I built a RAG system.

I ingested documents, computed embeddings, and wrote them into a managed vector database. In my case, that database was DataStax AstraDB.

A few weeks later, someone asked the obvious question:

What is our backup story?

And I realized there wasn’t one.

There is no pg_dump equivalent here. There is no one-button “export keyspace” option that hands you a file you can confidently restore from.

You can call find() and write the documents to disk, sure. But I learned the hard way that a naive dump can quietly throw away the single most expensive thing in the database:

the embedding vectors.

That is the trap I want to save you from.

Your dump may look complete. Every document is there. Every metadata field is present. The counts match. At a glance, everything looks fine.

Then, during restore, you realize the vectors are missing.

And now your “backup” is not really a backup. It is just a metadata export.

This article walks through the backup script I built for an internal catalog app. It runs as a scheduled cron job on a serverless container platform and pushes a zipped snapshot to Box as off-host storage.

The interesting parts are not the plumbing. The interesting parts are the small decisions that separated a backup I could actually trust from one that merely looked fine.

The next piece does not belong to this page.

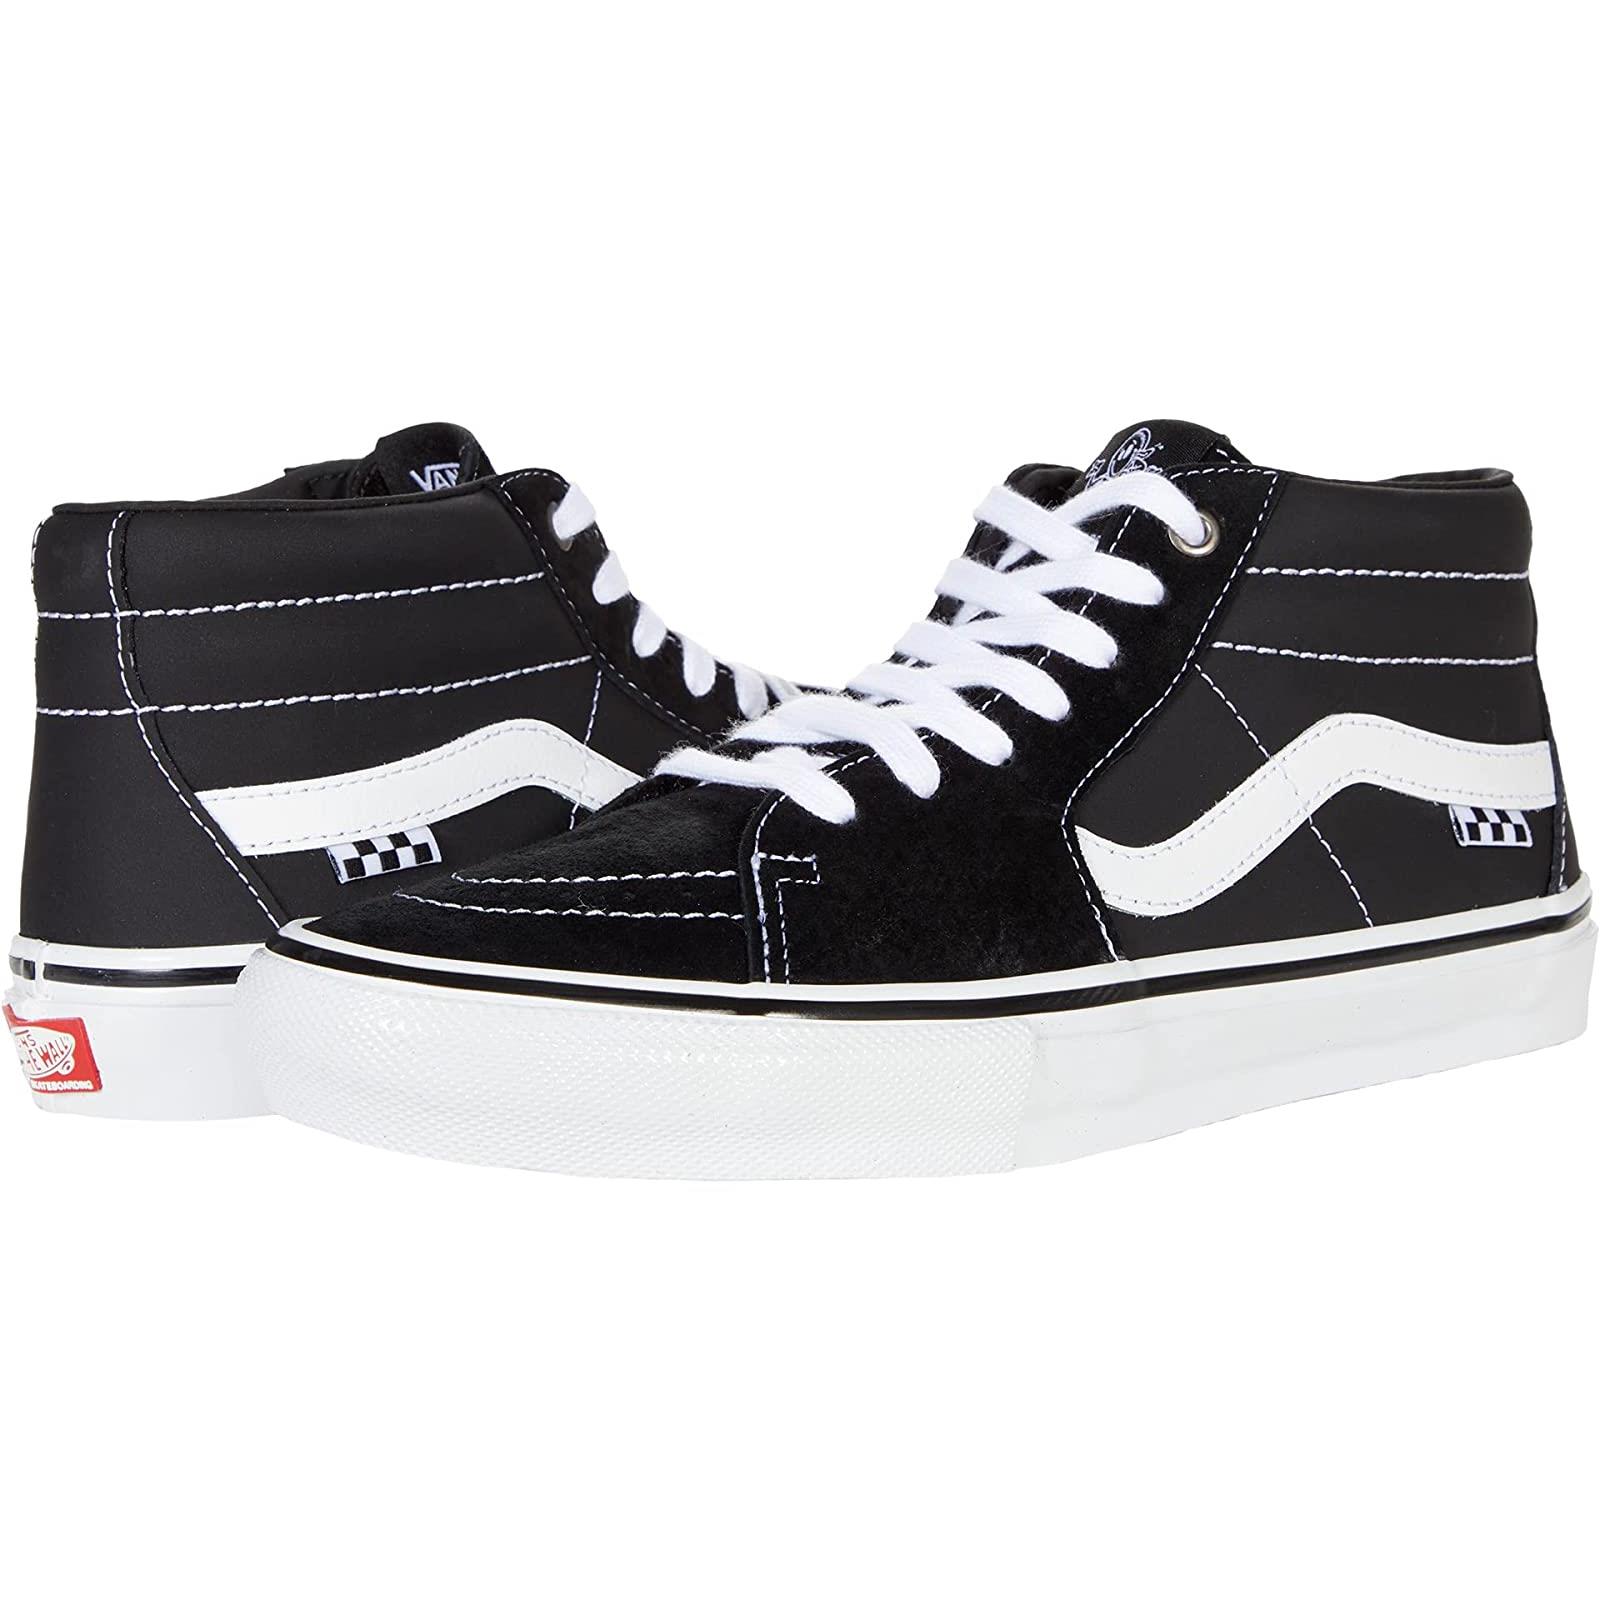 Adult Unisex Sneakers Athletic Shoes Vans Skate Grosso Mid Black/White/Emo Leather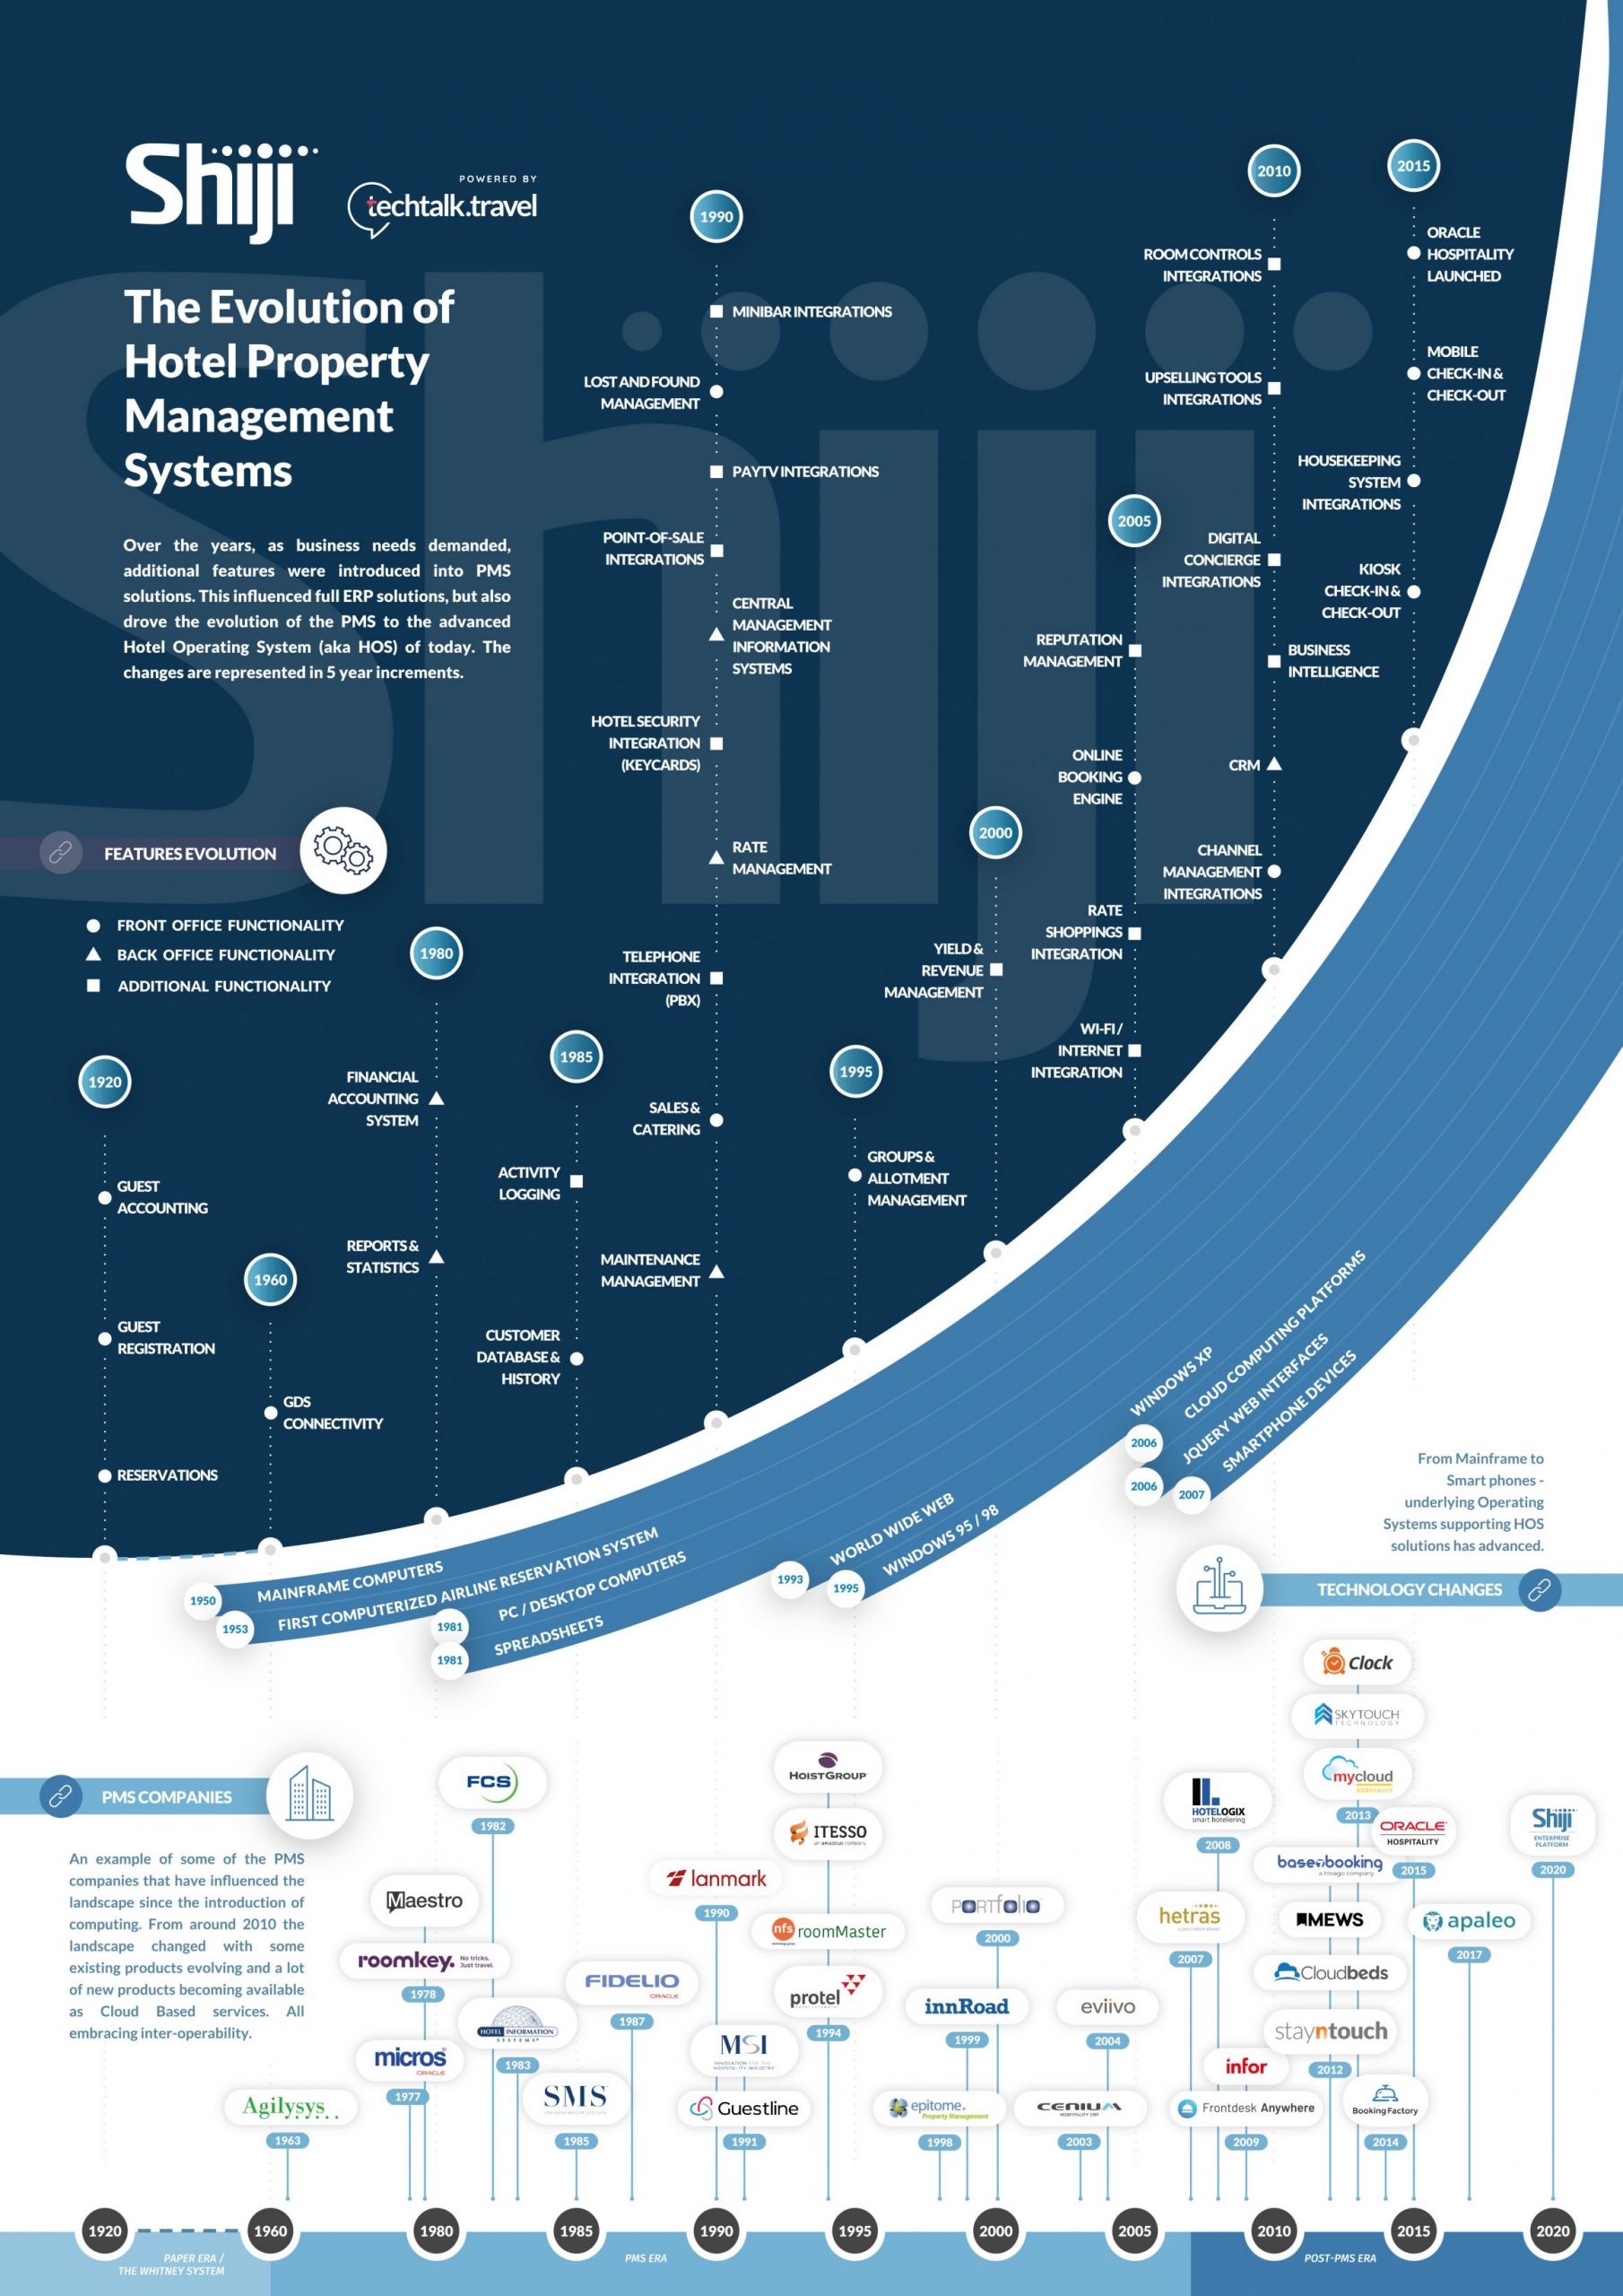 Shiji-Insights-History-of-Hotel-PMS-tech-Infographic-2320x3281-1-scaled.jpg

In practice, five details mattered most: using projection={"*": True} to actually capture $vector, choosing JSONL instead of one giant JSON file, wrapping non-JSON values in $backupType envelopes, adding a fail-loud guard against silent embedding loss, and making the backup atomic with .inprogress writes, SHA-256 manifests, and useful exit codes.

Here is the most important line in the entire backup script:

cursor = collection.find(    {},    projection={"*": True},    request_timeout_ms=request_timeout_ms,)

By default, AstraDB’s Data API does not necessarily return special fields like $vector when you call find().

That default makes sense for normal application queries. Embeddings are large. A 384-dimension float array per document adds up fast, and most app queries do not need the raw vector echoed back.

But backups are different.

The obvious backup code looks like this:

for doc in collection.find({}):    write(doc)

That can produce a backup with every document and zero embeddings.

It passes the eyeball test. The document counts match. The metadata is all there.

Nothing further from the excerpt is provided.